Prompt
For the entries below, copy exactly the line that contains "أغلق مؤشر الأسهم" through the line that contains "Europäische Mistel (Viscum", both ends included, and exclude all pictures.

Dataset excerpts
:::
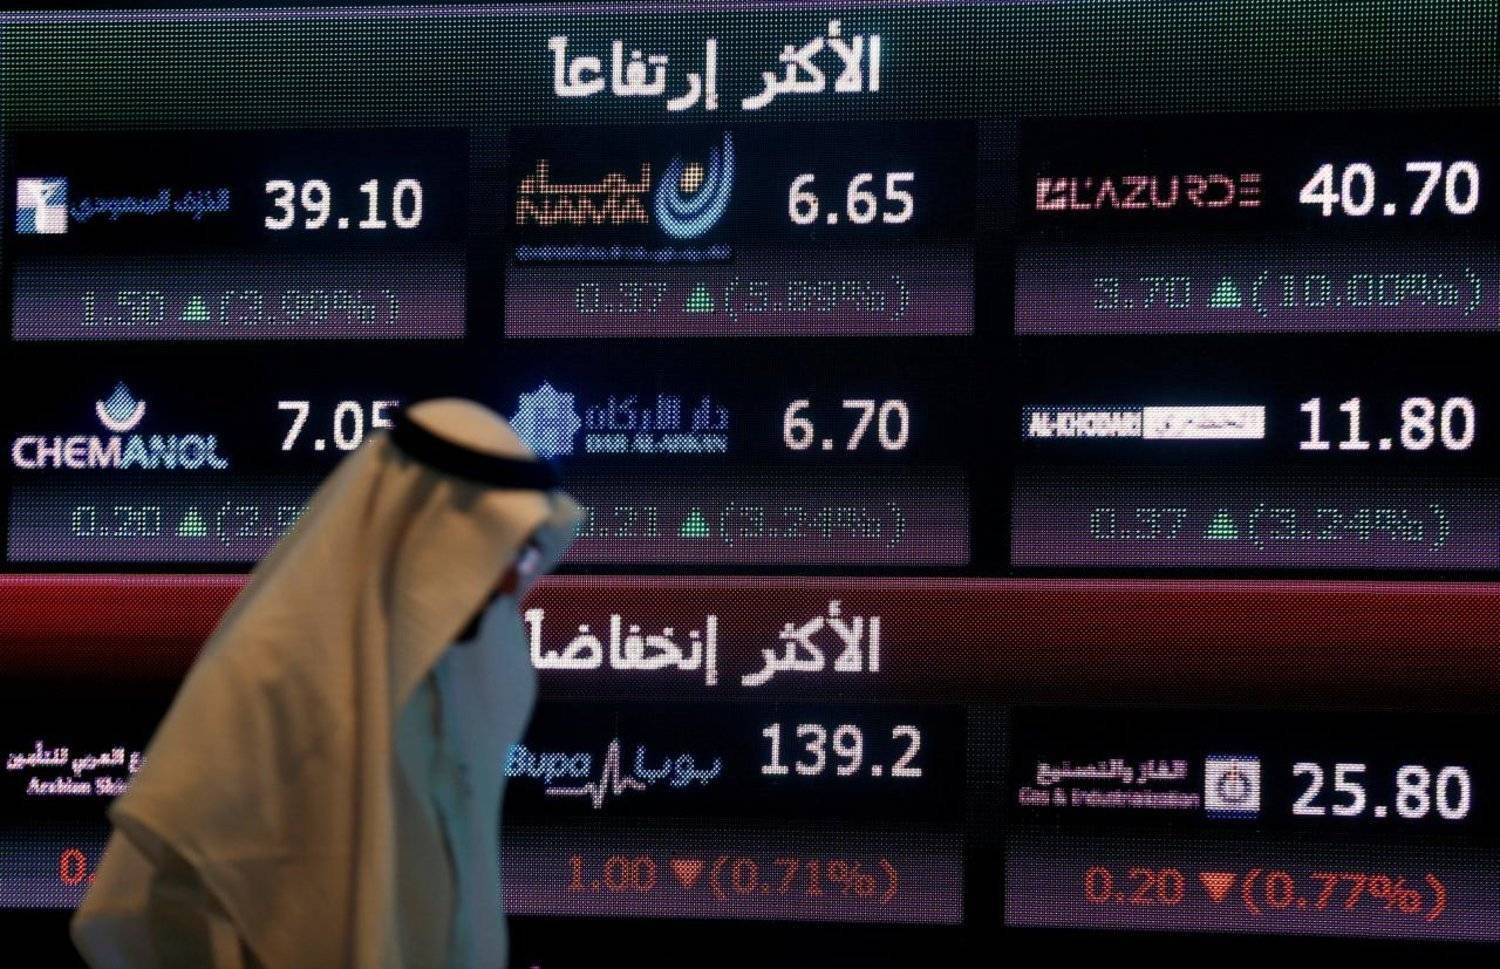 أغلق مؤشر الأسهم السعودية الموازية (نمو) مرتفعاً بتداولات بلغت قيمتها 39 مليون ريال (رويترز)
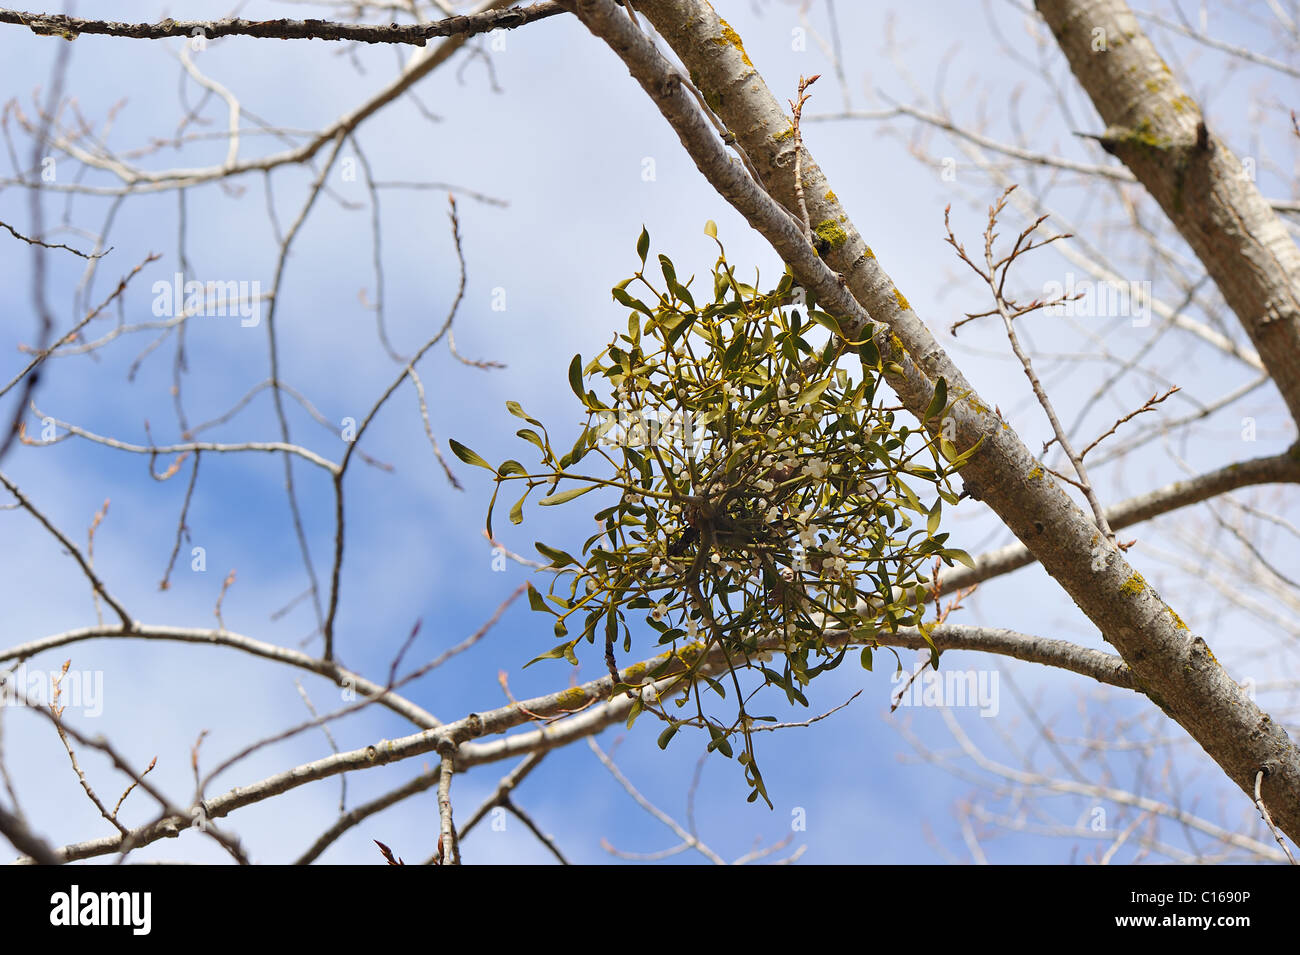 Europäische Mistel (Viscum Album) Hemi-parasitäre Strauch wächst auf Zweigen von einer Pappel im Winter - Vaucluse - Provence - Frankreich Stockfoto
:::
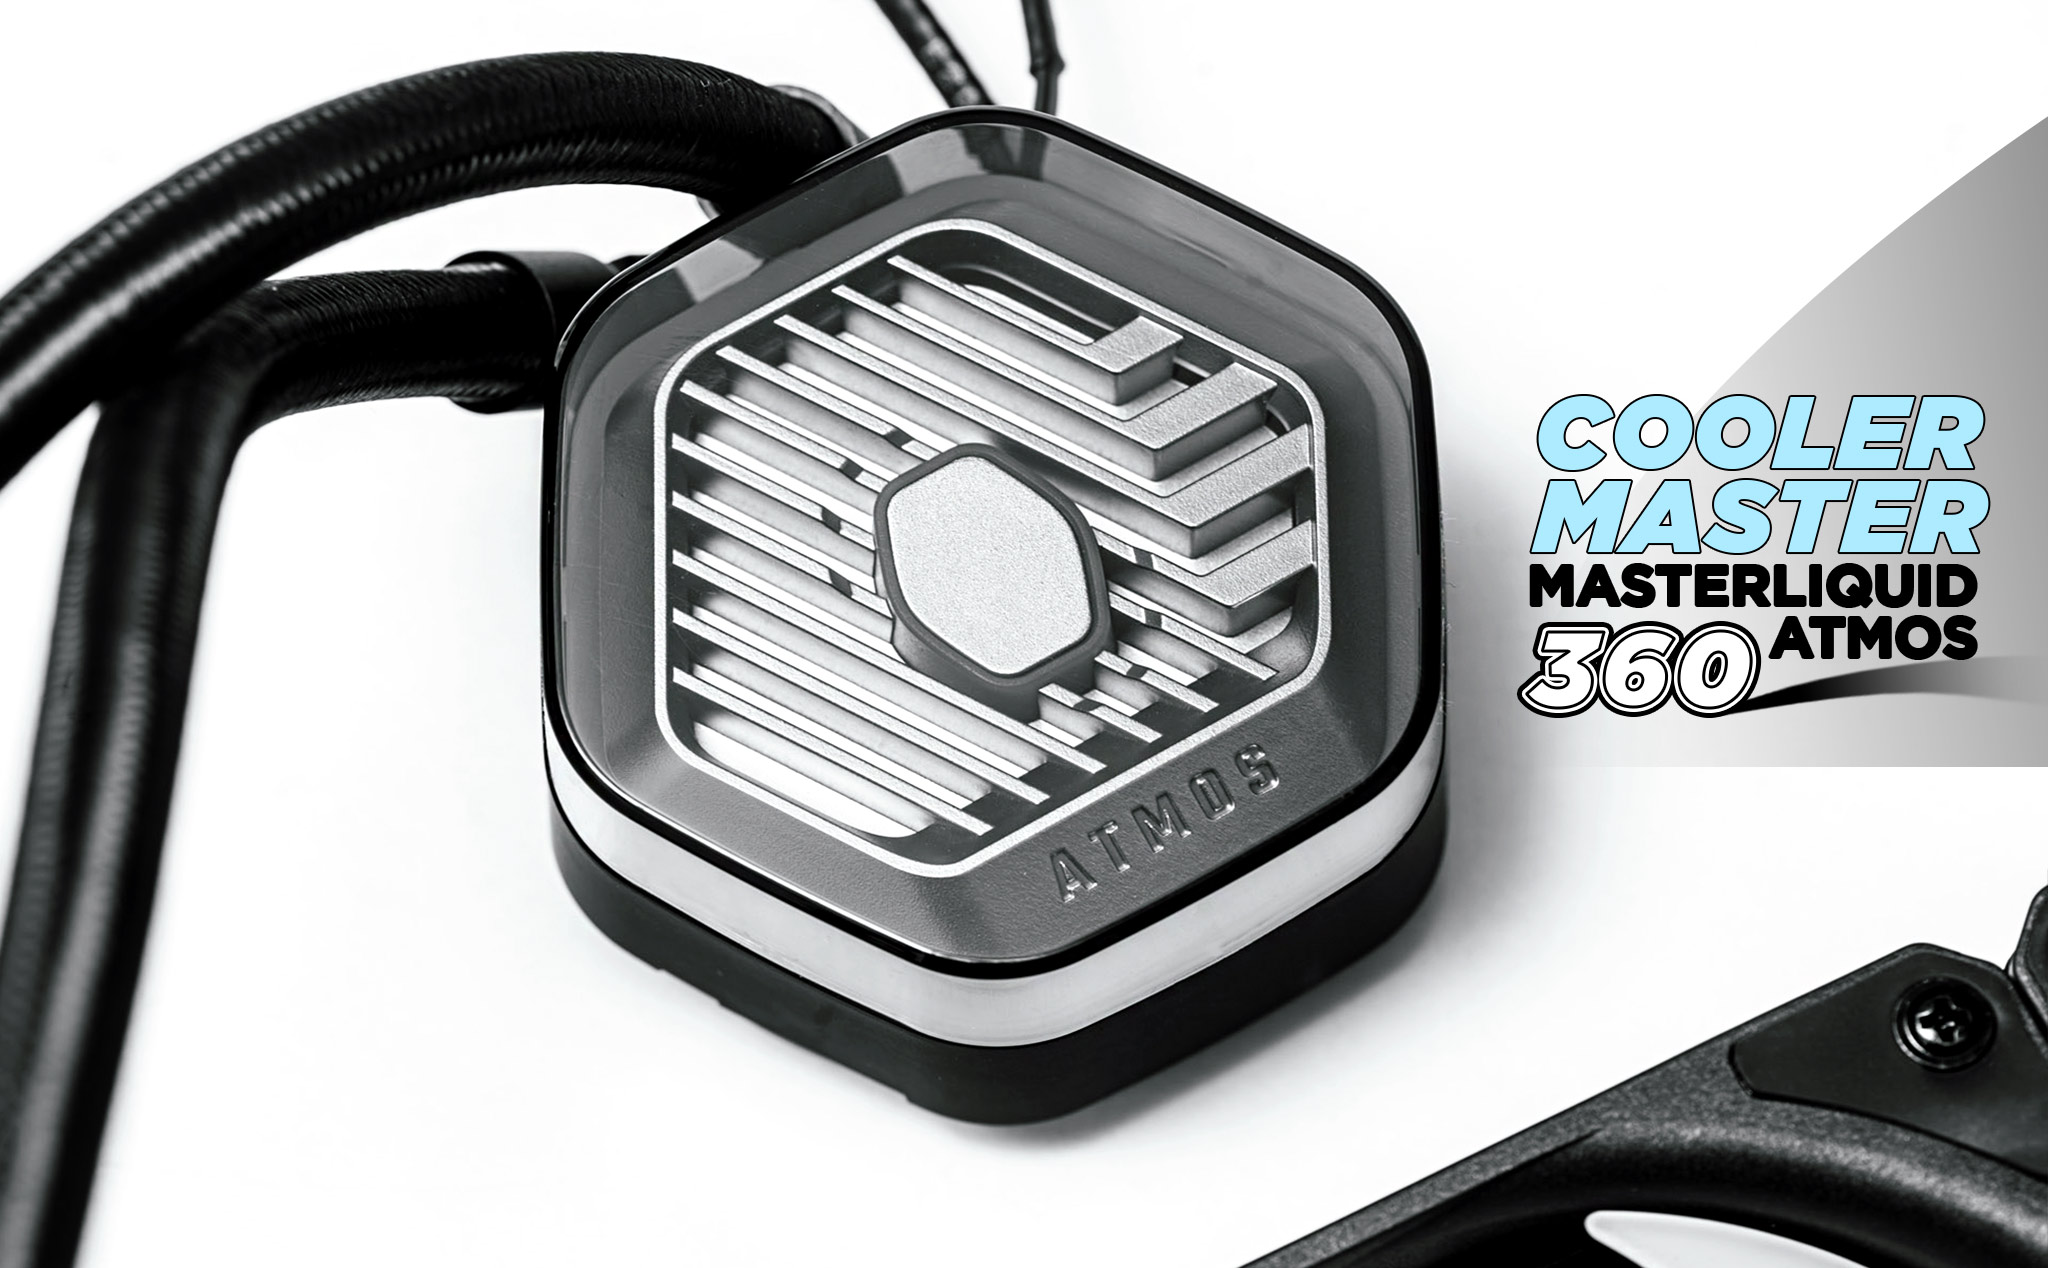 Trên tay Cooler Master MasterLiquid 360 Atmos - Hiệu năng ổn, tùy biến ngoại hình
:::
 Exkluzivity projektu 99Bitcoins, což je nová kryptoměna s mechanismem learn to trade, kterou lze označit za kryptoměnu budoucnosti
:::
Your solution
 أغلق مؤشر الأسهم السعودية الموازية (نمو) مرتفعاً بتداولات بلغت قيمتها 39 مليون ريال (رويترز)
 Europäische Mistel (Viscum Album) Hemi-parasitäre Strauch wächst auf Zweigen von einer Pappel im Winter - Vaucluse - Provence - Frankreich Stockfoto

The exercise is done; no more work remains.